Silence is indeed sometimes golden.

Since I’ve been writing, I have been surprised at the amount of people who have asked me for tips.  I’m hoping they aren’t after my advice on who’s going to win the 3.40 at Cheltenham. My knowledge of horse-racing is pretty much on a par with my eldest son’s knowledge of The Bard.

I hope they aren’t after tips on how to construct the perfect sentence either. I wouldn’t know a split infinitive from a misplaced modifier, or a conjunction from a conjunctivitis. My English teacher once wrote ‘at least you are good at maths,’ on my end of year school report.

I readily admit that I’m no expert on writing, but I am the world’s leading expert on my writing process. So I am going to share the ten key words that I pinned on my office wall at a very early stage in my writing journey. They won’t tell you how to write, but they do tell you how I stayed on track whilst writing my first novel. I would hazard a guess that most writers will have a similar list somewhere, even if it’s kept in their head rather than on their wall.

  • Focus

What’s your goal?
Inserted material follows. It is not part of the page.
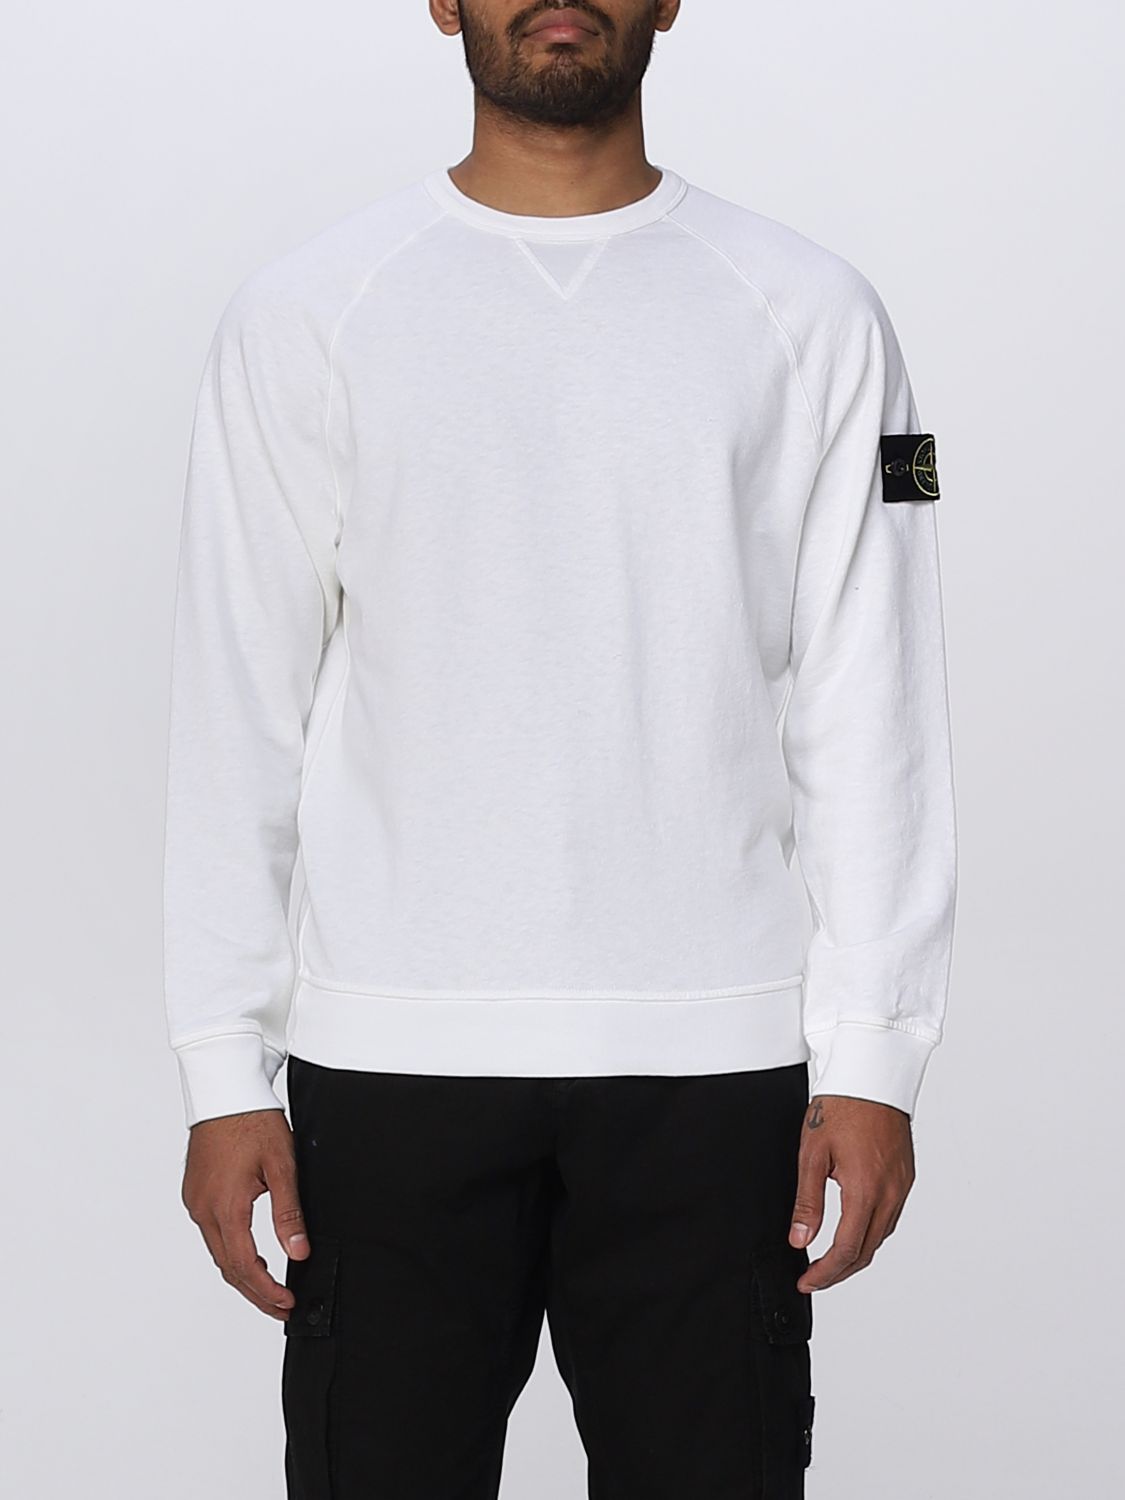 achtergrond vrede Edele STONE ISLAND: sweatshirt for man - White | Stone Island sweatshirt  781566360 online on GIGLIO.COM

Mine was to write a great novel, one that people would want to read. It wasn’t to chat to people endlessly on Facebook or Twitter. It was to write. Those dreaded personality tests tell me that I am a completer-finisher so maybe the focus bit comes naturally to me. Or maybe I’m just selfish in pursuit of my goals.

  • Belief

I have always dreamt of being an author. Dreams aren’t enough though. You need to believe in yourself. If you don’t believe in yourself then your readers will notice. Writing is a lonely pursuit. You don’t get instant feedback on your work. You have the occasional bad day. You are likely to give up if you don’t have a deep-seated belief in your own ability. My belief in my ability might prove to be misplaced, but the important thing to me when I’m writing the book is that I have such a belief.

  • Passion

If you aren’t passionate about what you’re doing, then a) you won’t make time for it; and b) your readers won’t be convinced when they read it. Being passionate about the process of writing isn’t enough. You must be passionate about what you have to say when you write. There were days when I knew I still had my passion for writing but wasn’t passionate about the chapter I was writing. More often than not, that told me that I needed to re-work something within my novel. It didn’t put me off though. I just saw it as part of the process.

  • Pride

I told myself that if I’m not proud of what I produce then it isn’t good enough to share with an audience. Some writers constantly share draft chapters with their peers. I didn’t. This was partly because I didn’t know any other authors when I was writing Six months…, but it was also because I am my own harshest critic.

  • Flex.

As a project manager by profession, I always have a plan. When I wrote Six Months to Get a Life, I started with an outline structure. Very quickly that structure began to constrain me, so I wrote ‘flex’ on the wall and ditched the structure. From then on, I planned a little, wrote some, re-planned, wrote, received a thorough edit, re-planned, re-wrote, added, took away, finished, re-read, rejigged, reread, dotted I’s, had it proofed, crossed T’s, re-read, added commas and ultimately pressed ‘send’.

  • Smile

For me, this was one of the most important words I kept coming back to when writing Six Months… Writing about divorce and single-parenthood had the potential to be a dour process. If the writing process wasn’t making me smile then it wouldn’t make a reader smile. Unless it’s a physics textbook, a book is meant to be enjoyed. If I wasn’t smiling at least occasionally when I was writing, then my little finger on my right hand started getting fidgety with the delete key.

  • Breathe

Sometimes, when the writing wasn’t flowing or when it was flowing but it was just uninspiring, I would force myself to switch my laptop off and go for a run, walk the dog or even try and initiate a conversation with the boys. I would do anything other than write. Usually a break was what I needed. Forgetting about my work for a while would recharge my creative juices, such as they were…

  • Perspective

My writing might feel like the be-all and end-all for me, but it isn’t. Really it isn’t. OK, if truth be told, I struggled with this one. I am ever so slightly addicted to writing. When things aren’t going right, I am grumpy. I often found myself looking at the word ‘perspective’ and thinking ‘it’s easy for you to say…’

  • Learn.

All authors will want to learn. Some go on expensive courses and week-long retreats. Those activities may work. I wouldn’t know; I didn’t try them. I learn most from my mistakes. The simple truth for me is the more I write, the more I improve. I was so determined to be focussed that I didn’t spend hours reading others’ thoughts on how to write. Some might say I should have…I did learn a massive amount from my editor so I am not completely relying on my own experiences.

  • Celebrate

Just seeing the word on the wall would spur me on towards my goal. ‘Think of the launch party,’ I would tell myself on the odd occasion that the motivation to write wasn’t there. And what a launch party it was too.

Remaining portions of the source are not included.